The Civil Aviation ministry’s decision to allow airlines to “unbundle” their fares and add extra charges for “services” like preferred seating has created an uncertain situation for fliers who have already been battling with the lack of transparency and consistency in ticket pricing. Soon after the ministry announced its new policy, many airlines rushed to cash in on the opportunity. Some of them started with front and exit row seats but others sought to levy a premium for all window and aisle seats too. So far, only Air India and SpiceJet have refrained from milking this opportunity to raise additional revenue from preferred seating, though the national carrier has lowered the free baggage allowance from 20 to 15 kilos. Now, after seeing the public outrage over the decision to charge passengers for where they would like to sit, the ministry has set a ceiling of 15 per cent for the number of seats on which airlines can charge a premium fee. When implemented, this move will allow airlines to raise fares on seats that are clearly ‘premium’ — essentially those that provide extra leg space or quicker egress — while at the same time ensuring that passengers unwilling to pay extra are not left with only middle seats. The lower baggage allowance will, however, continue to cause distress at the check-in counters.

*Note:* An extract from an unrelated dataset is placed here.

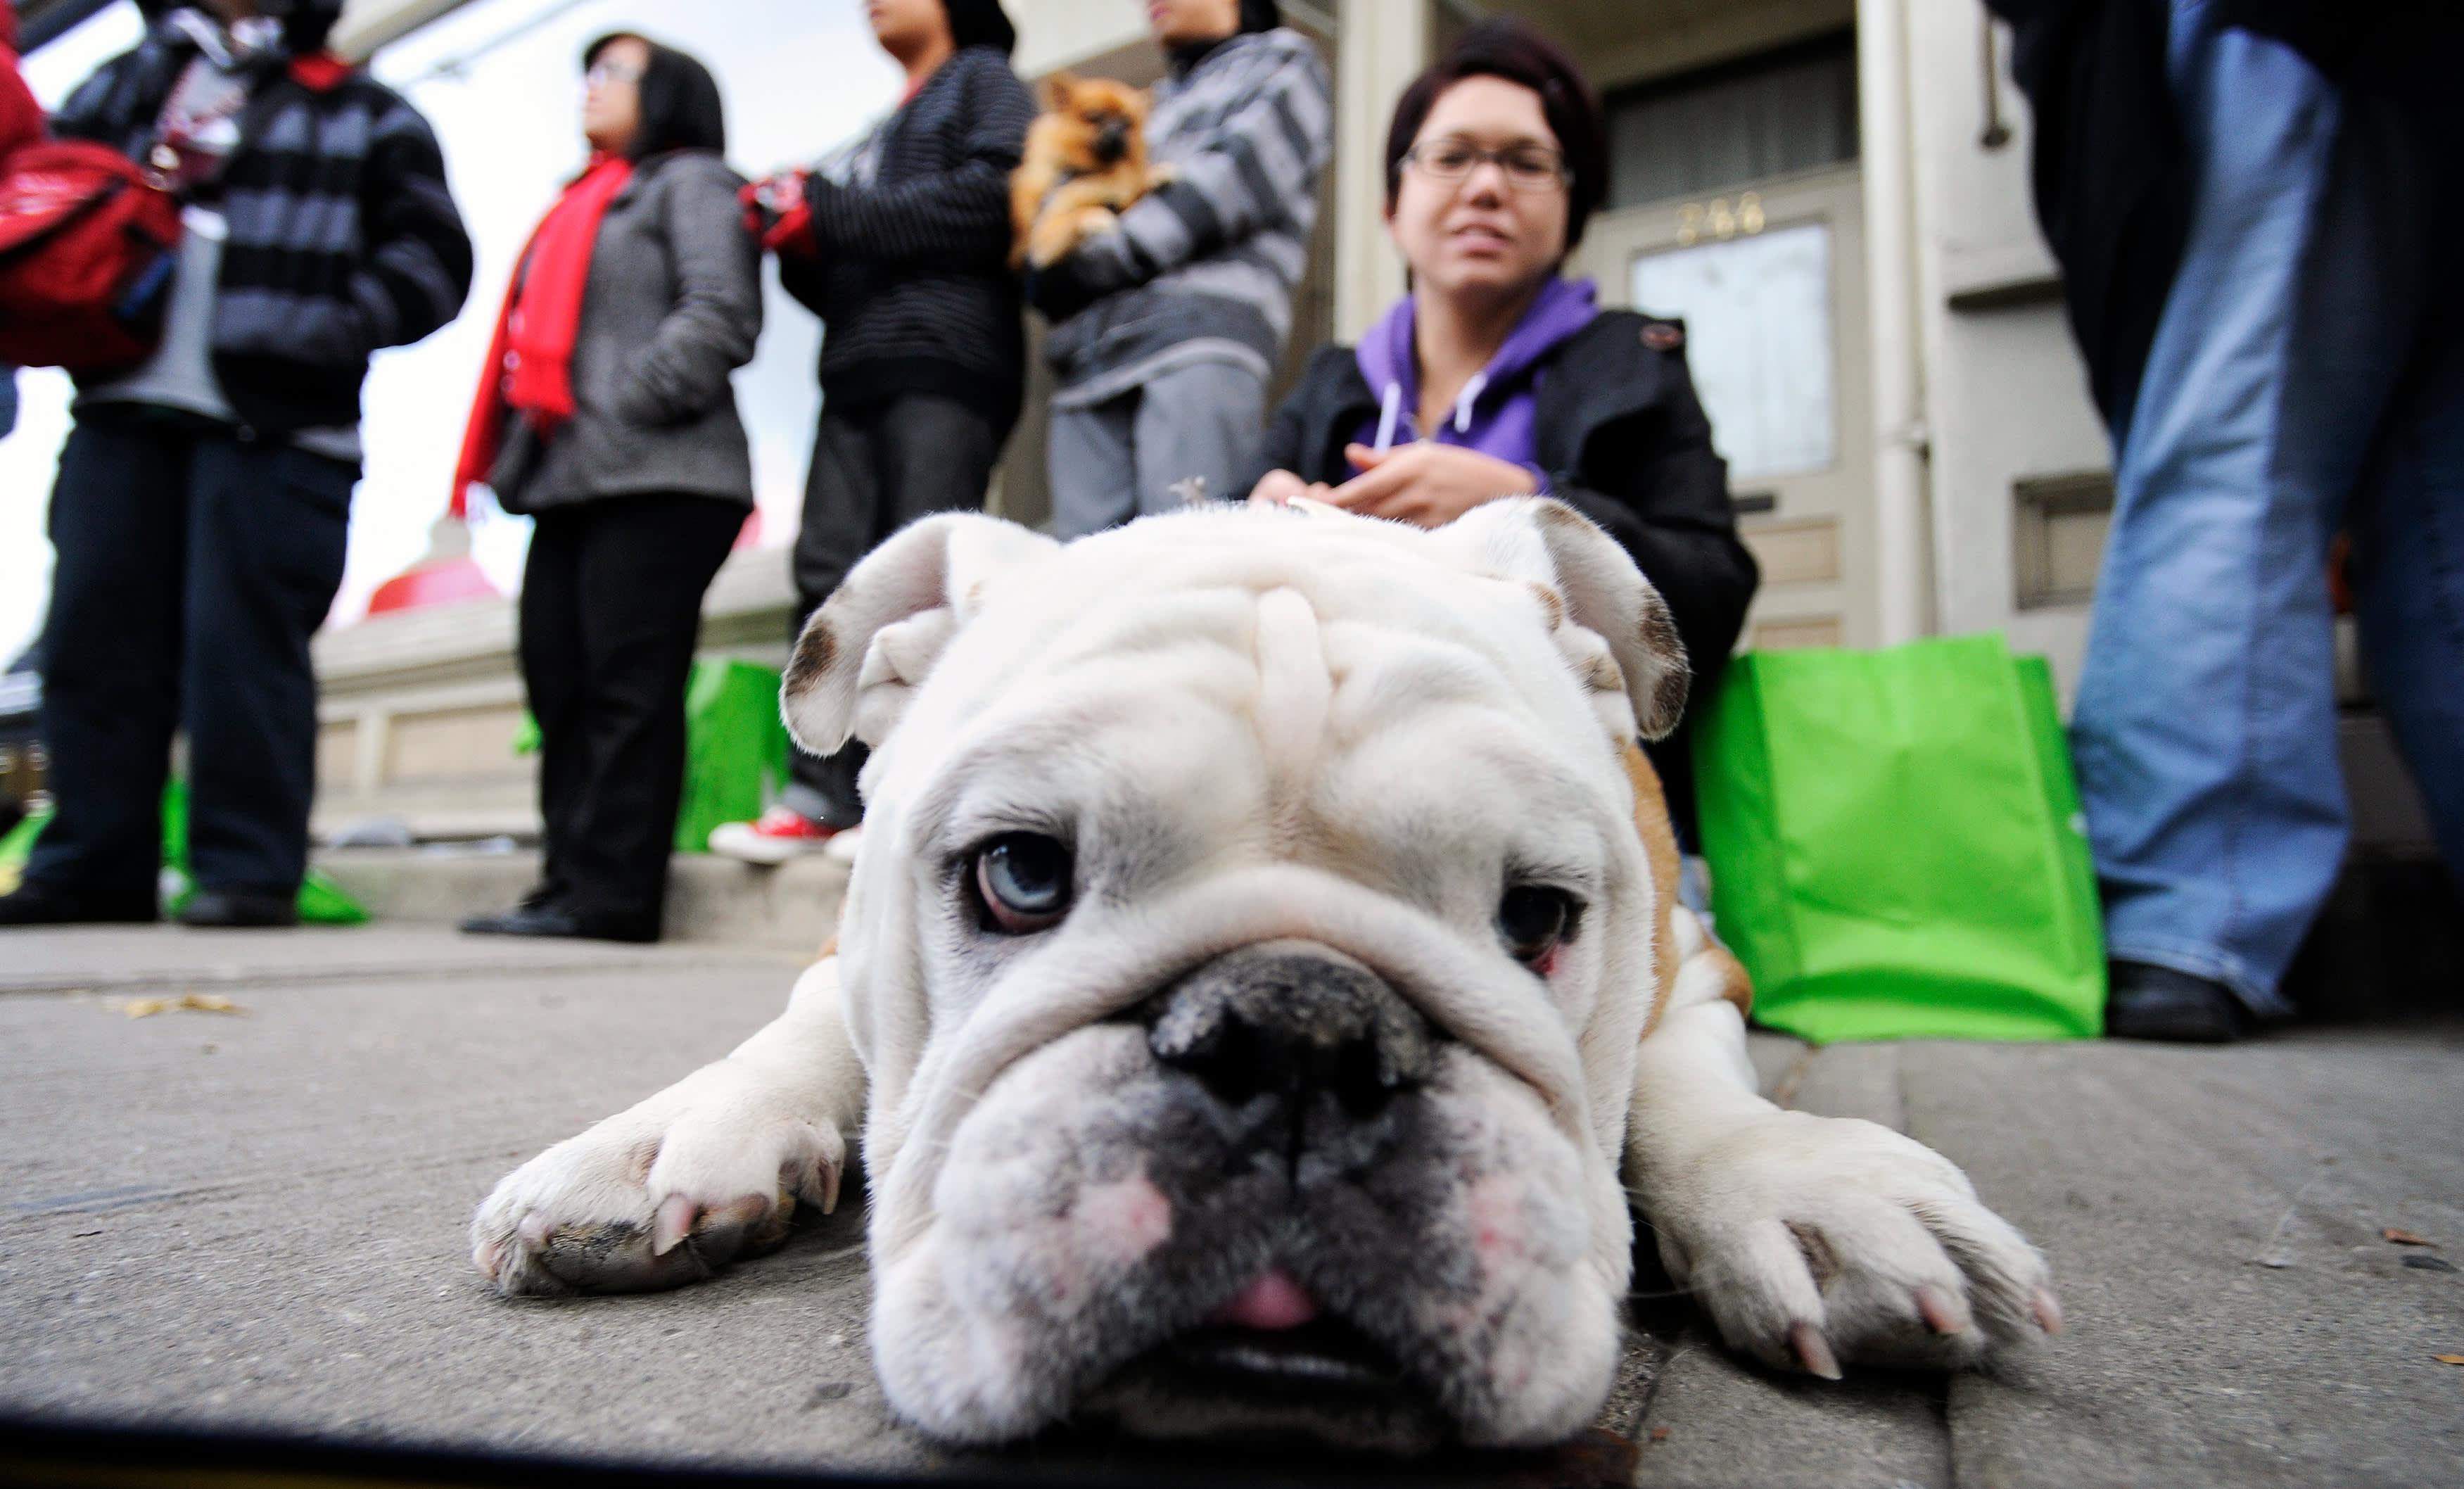 Pet Valu Pet Supply Retailer To Shut Down U S Operations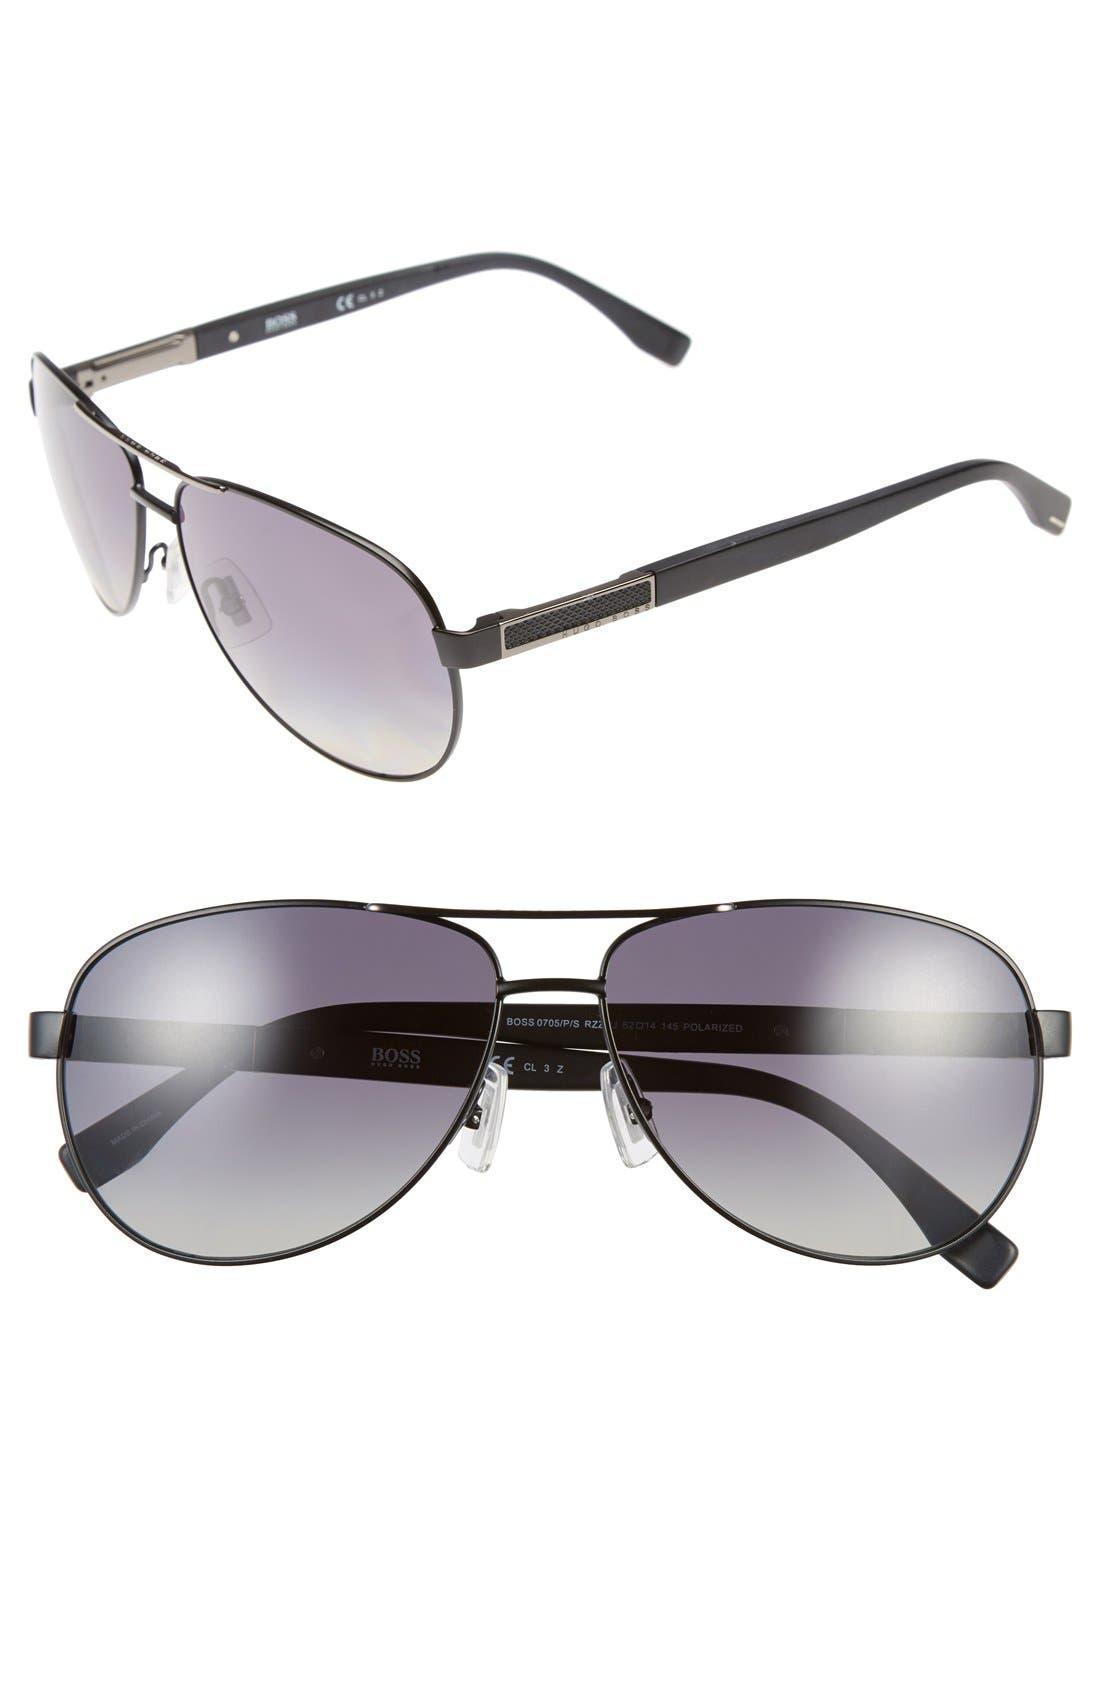 62mm Polarized Aviator Sunglasses,                             Main thumbnail 2, color,

The structure of airfares today remains dynamic to an extent, but seems driven by competition and the need to ensure a minimum passenger load factor. There are heavy-density routes that command a higher fare, and the less congested services where the fares have to be concessional to attract traffic. With many of the private airlines that were operating when the open skies policy was implemented folding up in due course, and even Paramount Airways and Kingfisher Airlines suspended, the field has narrowed considerably. Air Deccan, a pioneer in low-cost, no-frills airlines, wound up too, and the kind of fares it once offered could not be dreamed of anymore. Fortunately for passengers, the aviation ministry and the regulator have made sure the airlines do not operate as a cartel or start putting up fares unreasonably during the peak season. To compensate the airlines in a way, and open up a window for them to mop up additional revenue, the government decided to permit them to charge more for preferred seats, additional baggage, and meals on flights. But given the profit motive of private enterprise, the manner in which this window is utilised will have to be carefully monitored and regulated.